**** Information supplied
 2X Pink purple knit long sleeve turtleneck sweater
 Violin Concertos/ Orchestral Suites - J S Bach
********
**** Information supplied
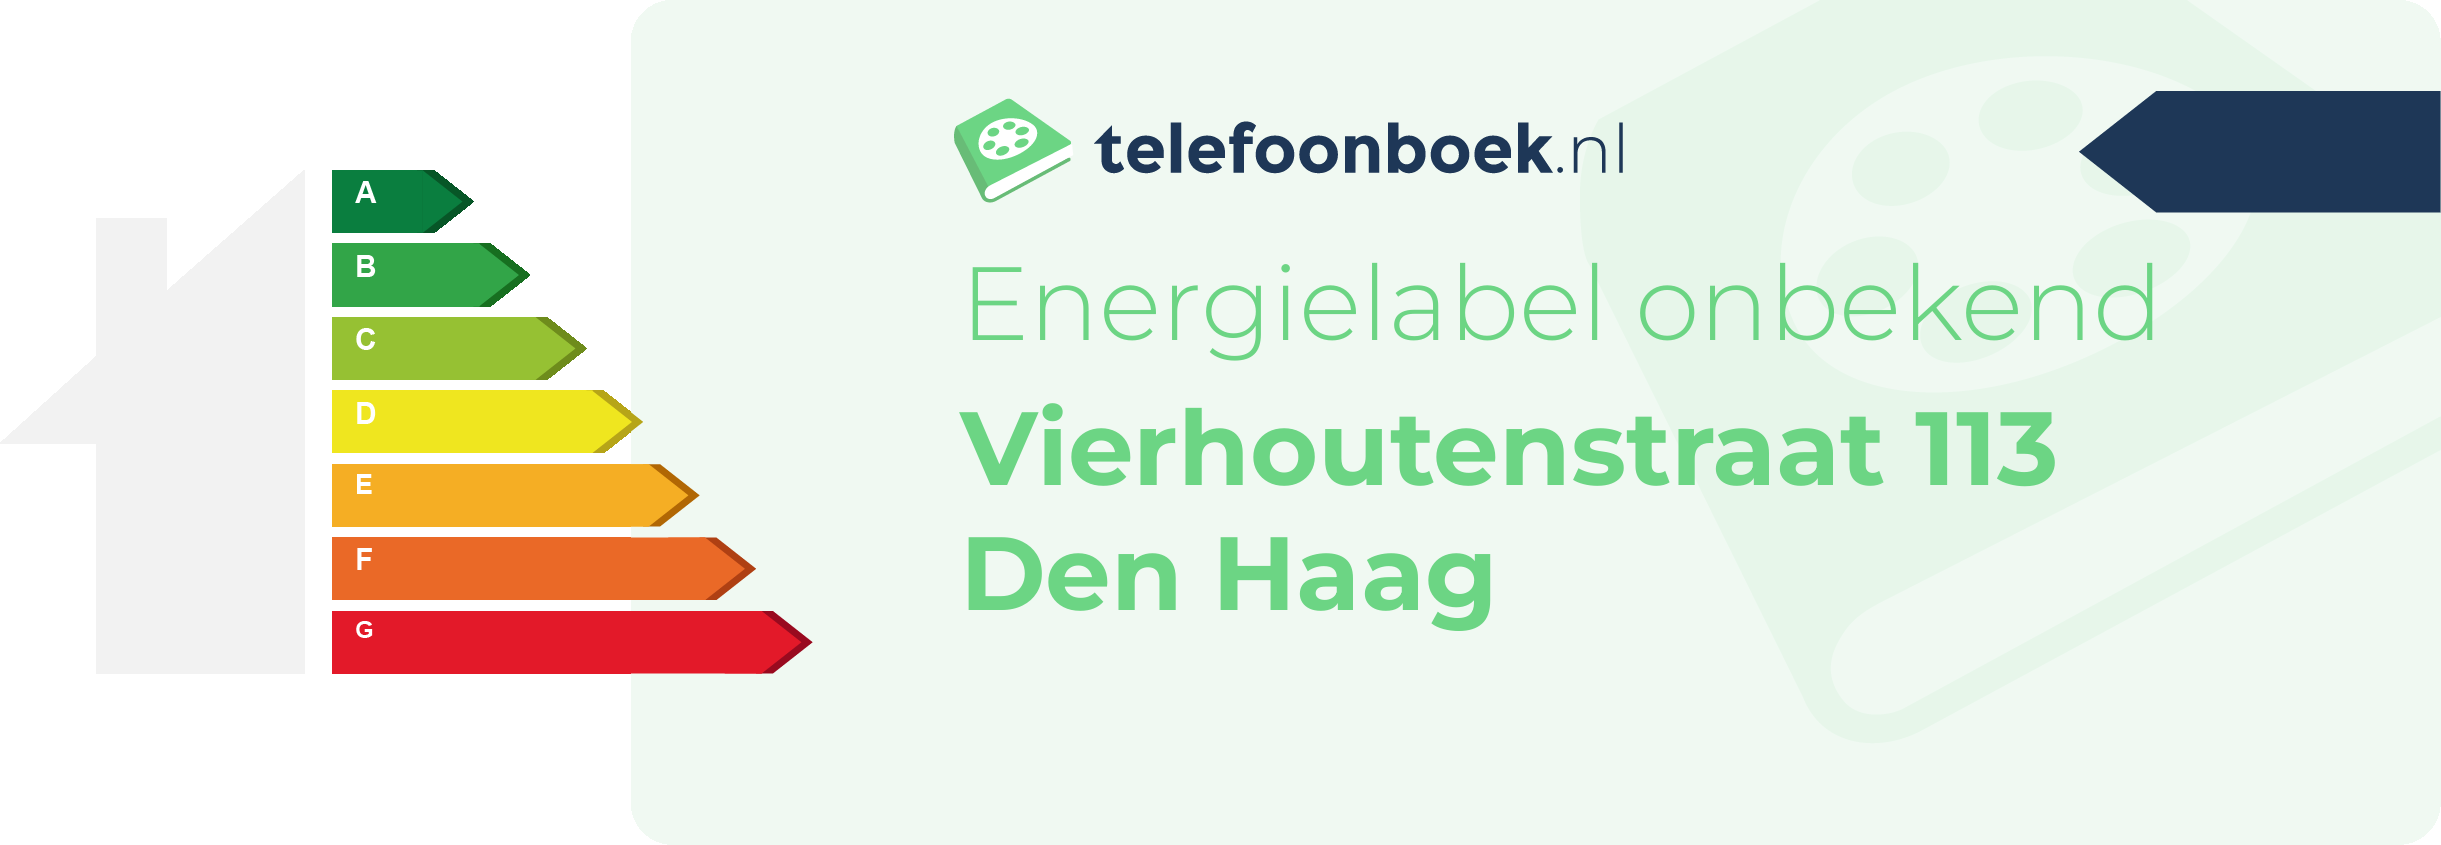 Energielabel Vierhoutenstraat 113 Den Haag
********
**** Information supplied
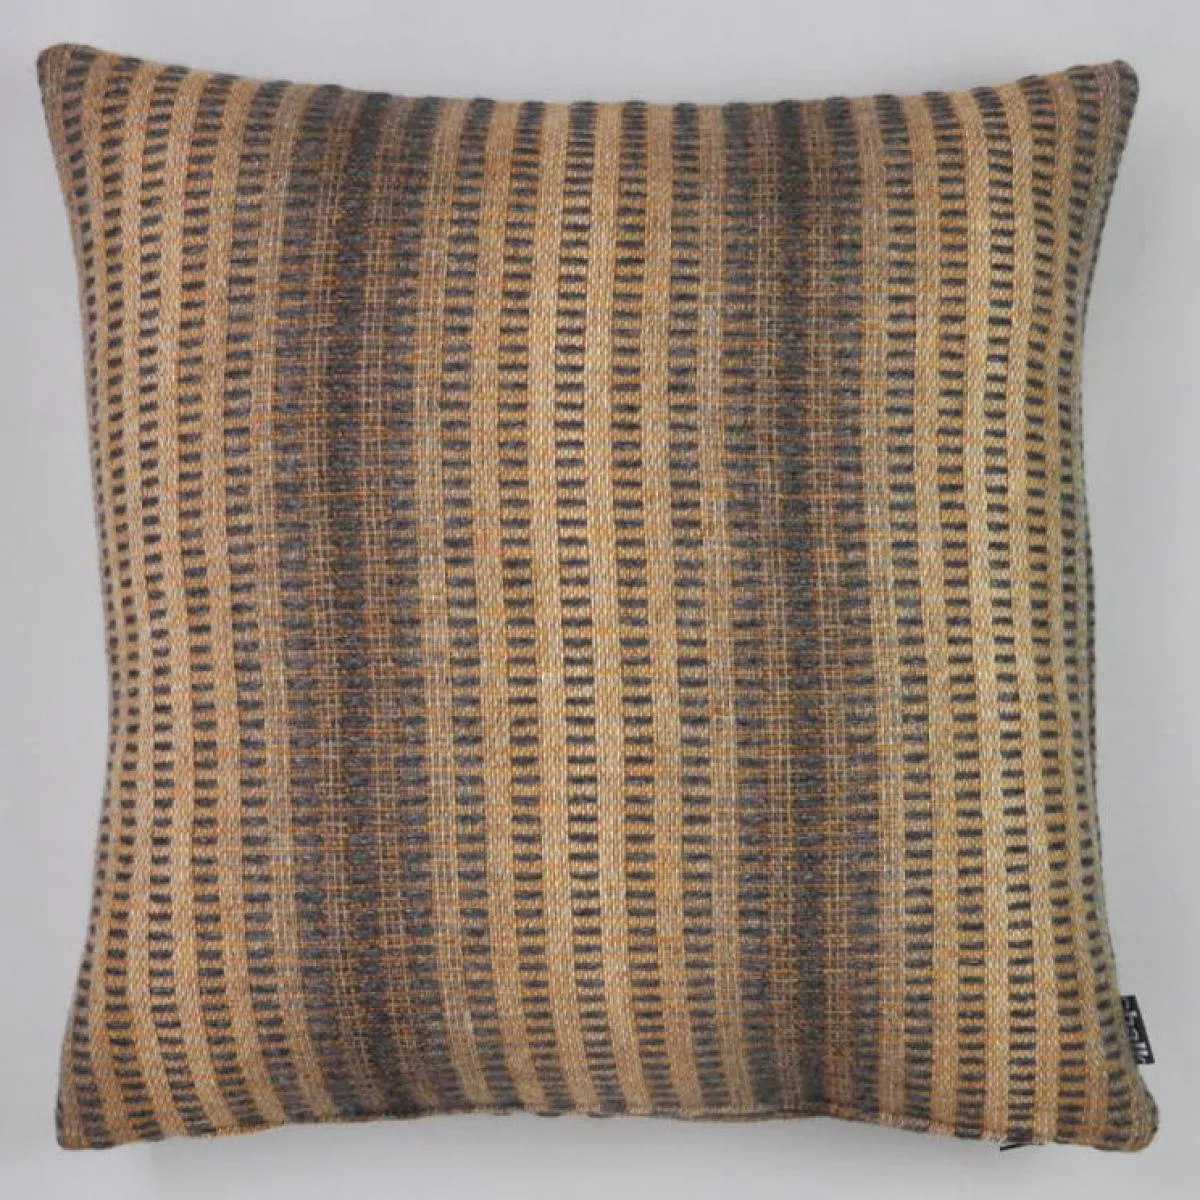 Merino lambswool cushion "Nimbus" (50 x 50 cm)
********
[Work instruction]: Reproduce only the lines above spanning from the line containing "2X Pink purple" through the line containing "Violin Concertos/ Orchestral", word for word.

[Result]:
 2X Pink purple knit long sleeve turtleneck sweater
 Violin Concertos/ Orchestral Suites - J S Bach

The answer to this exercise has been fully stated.